Outline how a market order to buy shares (no special conditions apply) is executed on both the NYSE and NASDAQ. Be sure to note the steps clearly. How do these two markets differ, and in what ways are they becoming more and more similar?

Jere answers:

This is a good one. First of all let’s define a “market order”. A market order is an order to buy or sell a security immediately at the best available market price. Market orders take top priority on an exchange. The two markets are distinctly differentiated in the sense that the NYSE is a physical exchange with a floor vs. The NASDAQ which is a purely electronic market place (i.e. The buyers and sellers are in cyberspace).

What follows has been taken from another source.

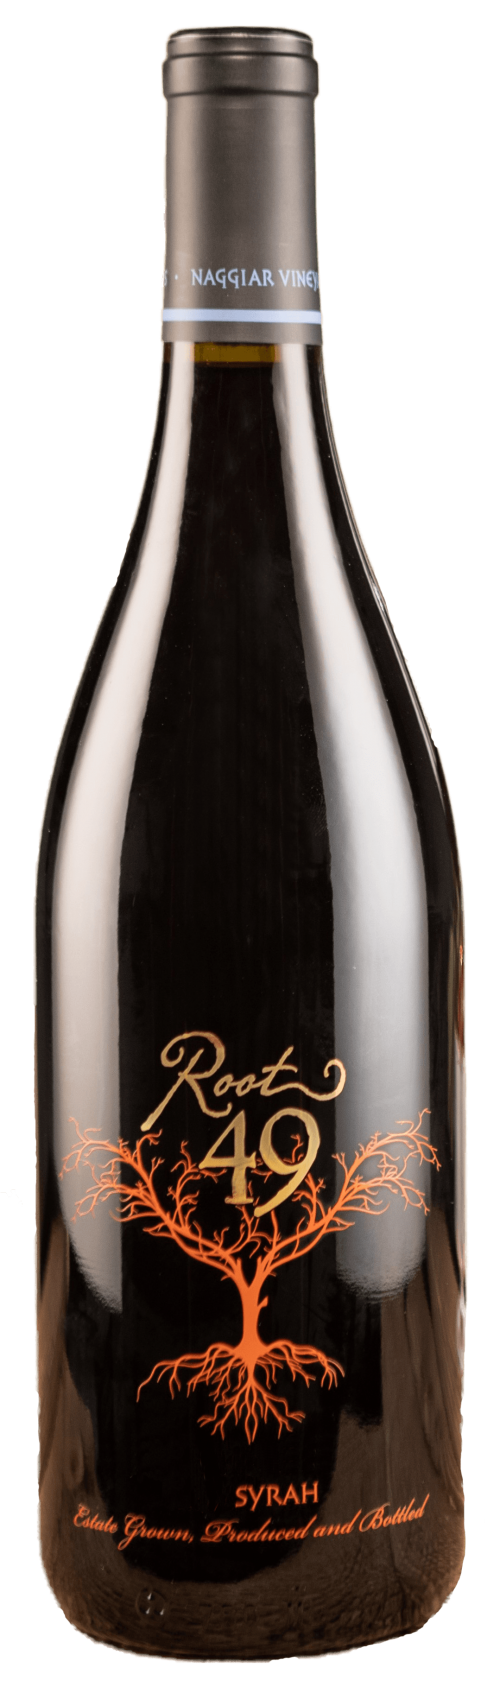 Root 49 Syrah wine bottle

The difference in the execution differs slightly for each exchange. Specialists working on the NYSE have four roles to fulfill in order to ensure a fair and orderly market:

Auctioneer – because the NYSE is an auction market, bids and asks are competitively forwarded by investors. These bids and asks must be posted for the entire market to see to make certain that the best price is always maintained. It is the job of the specialist to ensure that all bids and asks are reported in an accurate and timely manner, that all marketable trades are executed and that order is maintained on the floor. Along with posting the daily bid and ask prices, the specialist must also set the opening price for the stock every morning. This price can greatly differ from the previous day’s closing price based on after-hours news and events. The role of the specialist is to find the correct market price based on supply and demand.

Agent – the specialist can also accept limit orders relayed by investors through brokers or electronic trading. It is the responsibility of the specialist to ensure the order is transacted appropriately on behalf of others, using the same fiduciary care as the brokers themselves once the price of the stock has reached the limit criteria.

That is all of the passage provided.